Xerxes, 1-5 (Frank Miller). Norma Editorial, 2018. Grapa, 36-48 págs, c/u. Color, 3,95 c/u

Hablar de Frank Miller es hablar de uno de los valores más seguros del cómic contemporáneo, con contemporáneo me refiero a que nos lleva regalando durante casi cuarenta años clásicos instantáneos del cómic. Algo que no es fácil en ningún arte, y menos en los tiempos actuales los hits duran lo mismo que un trending topic. Pero también es un autor que divide a los lectores, están aquellos que marcan una línea entre Batman: The Dark Knight Strikes Again (2001-2002) y su obra anterior y posterior. Para los lectores de cómic de superhéroes más “canónicos” rechazan la obra por la ruptura estética con respecto a los rasgos clásicos de este tipo de historietas. Para otros supuso tal atrevimiento que se convirtió en una de las obras esenciales del nuevo siglo. La segunda ruptura vino con Holy Terror (2011), esta vez no tanto por las decisiones artísticas sino por cuestiones del enfoque ideológico que le da a la obra. Lo dicho, es un autor del que poco nuevo se puede decir, pero siempre hay una predisposición a redescubrirlo y reivindicarlo.

En mitad de todo esto a finales del siglo XX, concretamente en 1998, Miller publica la que posiblemente sea su obra más conocida, dicho de otra manera, la más popular entre aquellos que no son lectores regulares de cómic, quizás por la película dirigida por Zack Snyder, por el trasfondo histórico o por la idea de honor que rezuma por cada una de sus páginas. Veinte años después del lanzamiento de 300, vuelve al universo de los conflictos entre persas y griegos con una obra que se centra en la caída del Imperio persa y el ascenso de Alejandro como uno de los conquistadores más importantes de la historia.

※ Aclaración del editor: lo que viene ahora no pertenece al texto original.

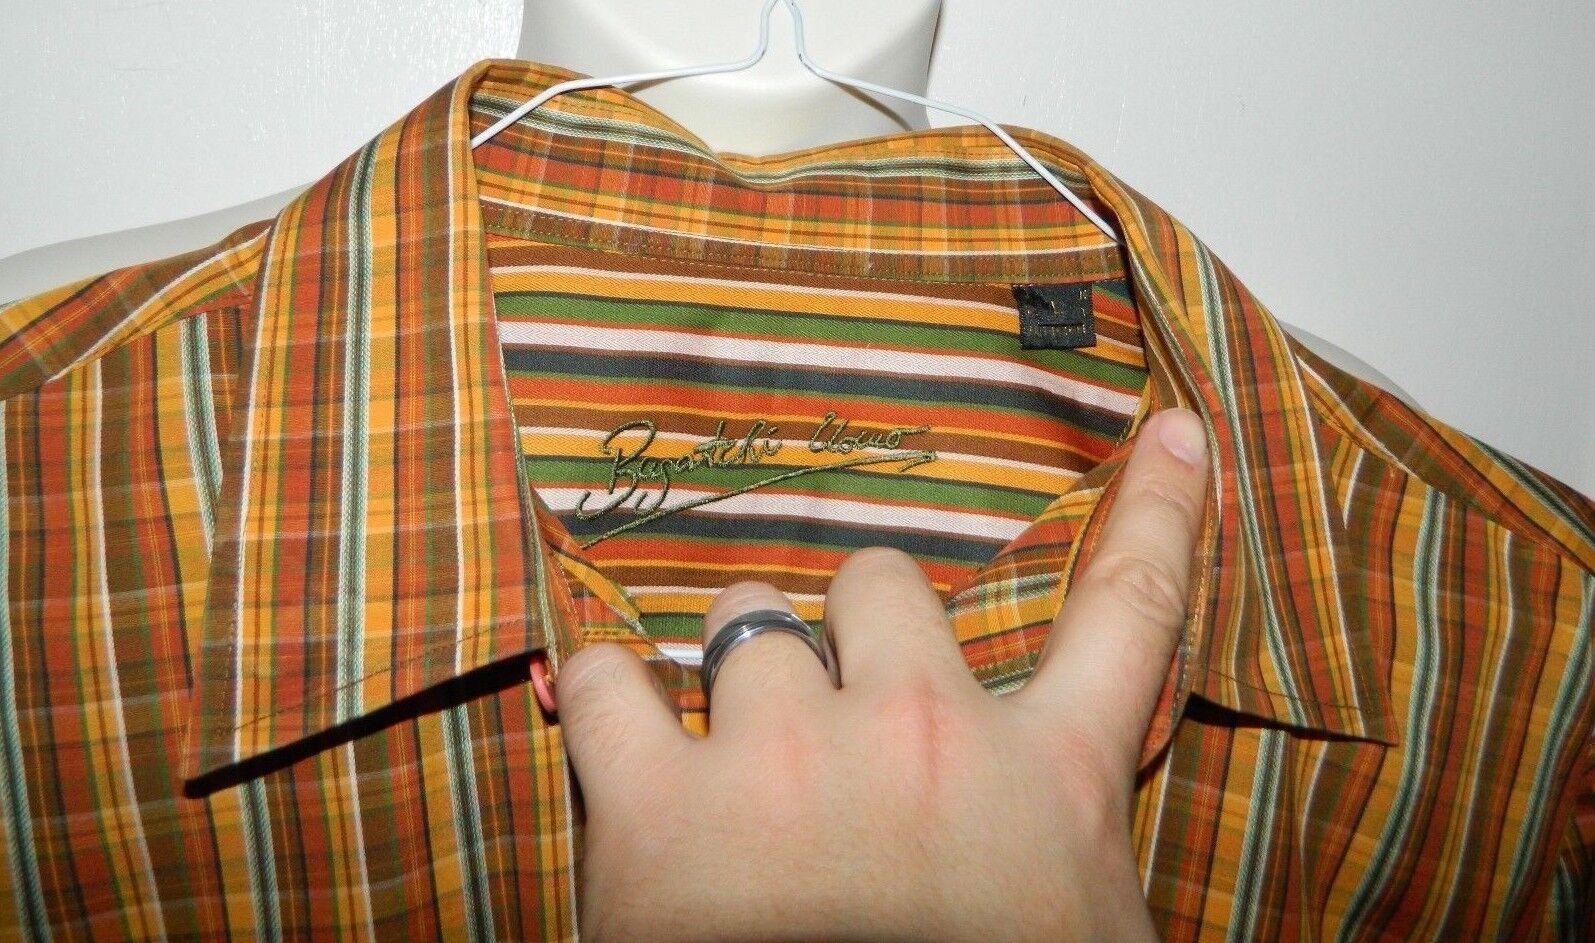 Bugatchi Uomo Long Sleeve marrone arancia Plaid Pattern Shirt Uomo's Uomo's Shirt Size Medium M 3a7fb9
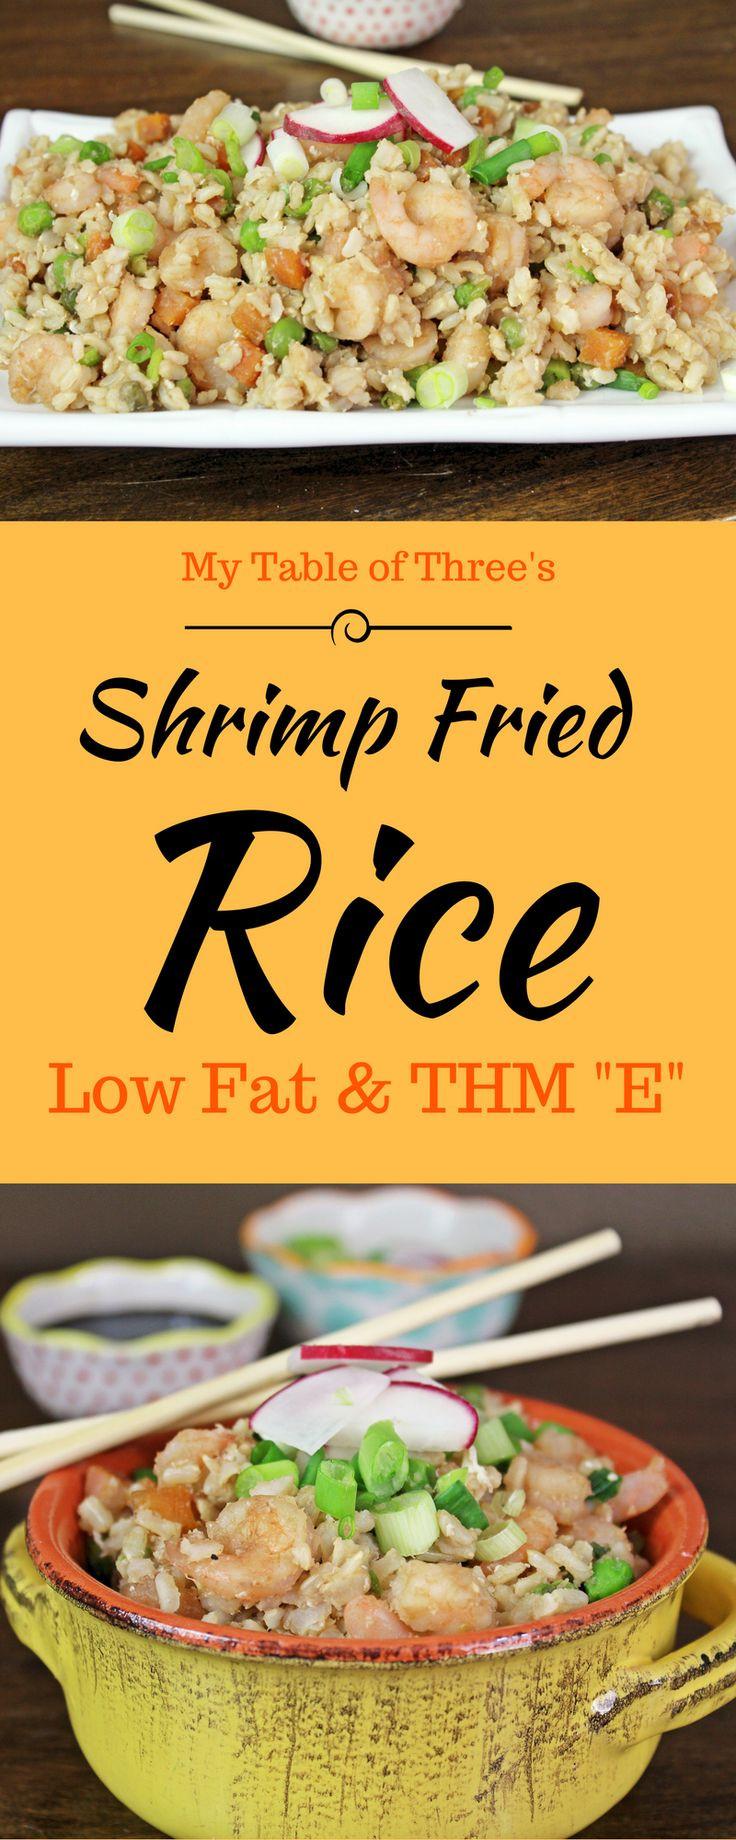 Easy Low Cholesterol Recipes For Dinner  Best 25 Shrimp fried rice ideas on Pinterest

Sin embargo, el foco narrativo es completamente diferente, si en el trabajo de finales de los 90 el foco temporal y la acción estaba centrado en una sola acción, la batalla de las Termópilas. En Xerxes amplía el foco en más de un siglo para narrarnos en unas 200 páginas aproximadamente la caída del imperio persa, poniendo la lupa en el emperador persa que ya conocimos en 300. Pero también a su antecesor y sus descendientes hasta la aparición de Alejandro Magno. Técnicamente este tipo de narrativas, siempre teniendo como referente la obra primera, se les denomina transcuelas; a través de las cuales se hace explica un periodo de tiempo mucho más amplio de que se cuenta en la obra original.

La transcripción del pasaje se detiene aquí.